* **EXERCISE INSTRUCTIONS**: Exclude pictures; retype the lines below from the line containing "and to sign up" through the end of the records, both ends kept.

* **DATA FOR ANALYSIS**:
_ _ _ _ _
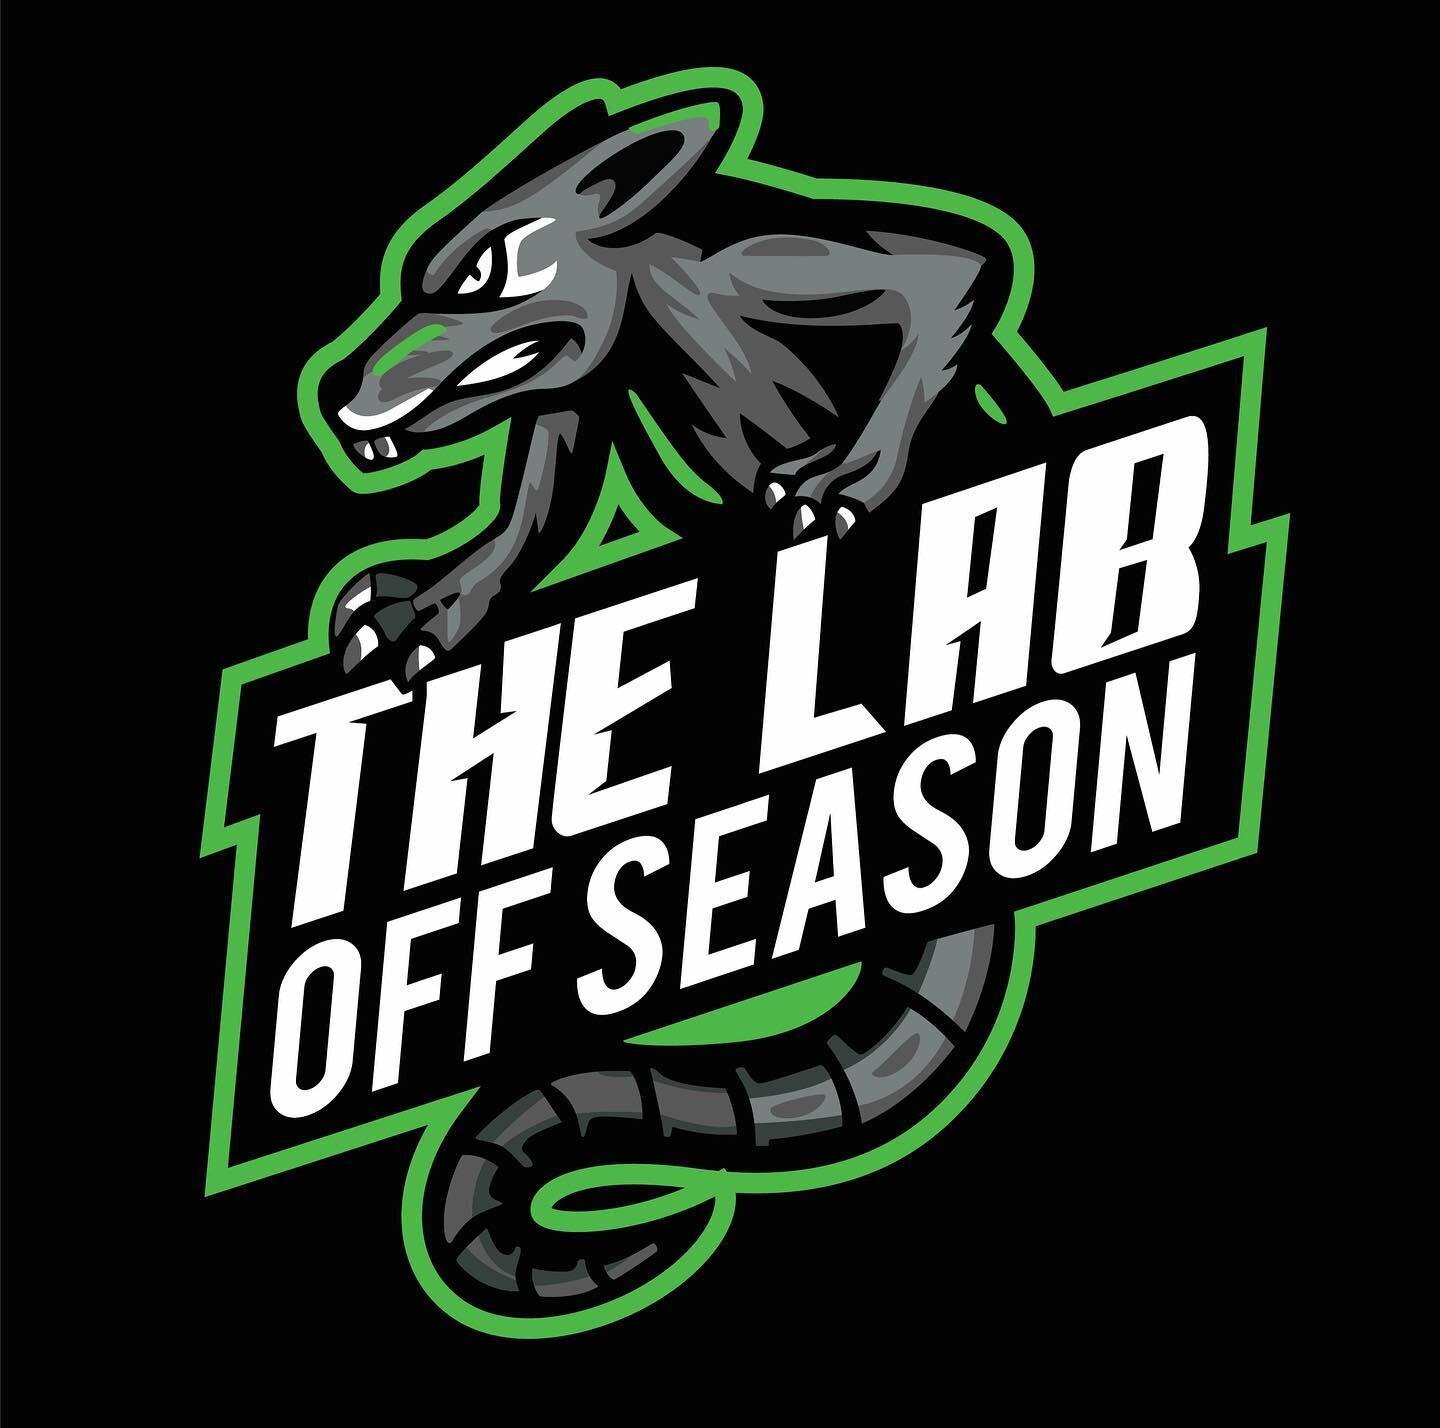 💥 Introducing The Lab OFFSEASON training program 💥

💻&mdash;-&gt; see link in bio for full details and to sign up 

The Nelson Sport Lab is offering small group training for designed for competitive athletes in the Kootenay region. 
*
The groups i
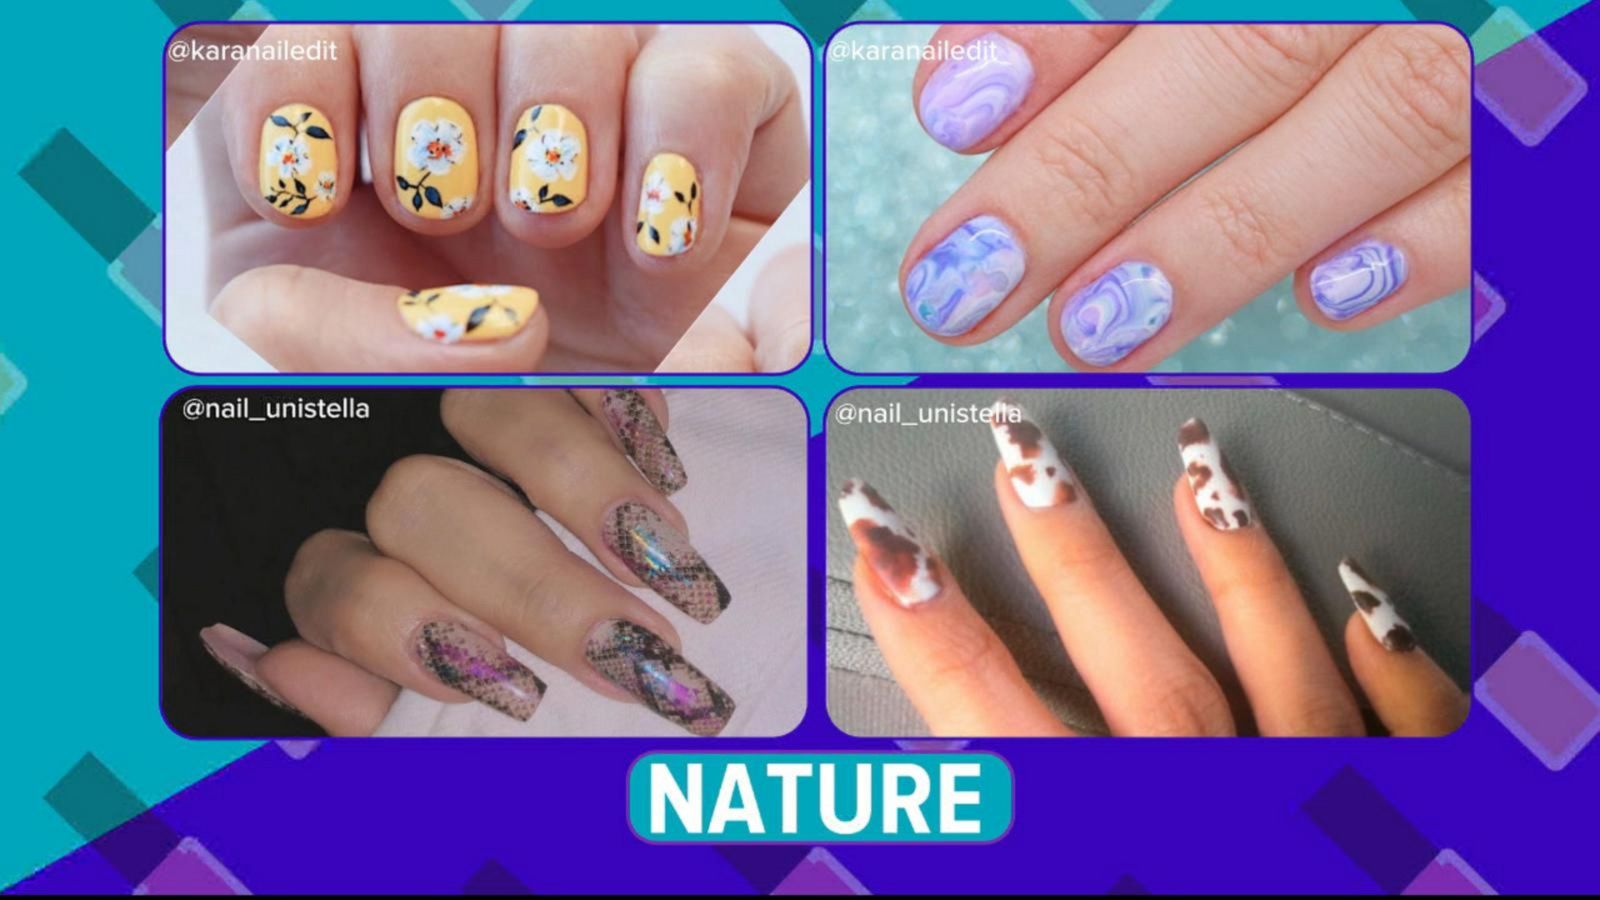 5. "Nailed It or Failed It" Nail Art Trends on Twitter - wide 3
_ _ _ _ _
* **FINAL ANSWER**:
💻&mdash;-&gt; see link in bio for full details and to sign up 

The Nelson Sport Lab is offering small group training for designed for competitive athletes in the Kootenay region. 
*
The groups i
 5. "Nailed It or Failed It" Nail Art Trends on Twitter - wide 3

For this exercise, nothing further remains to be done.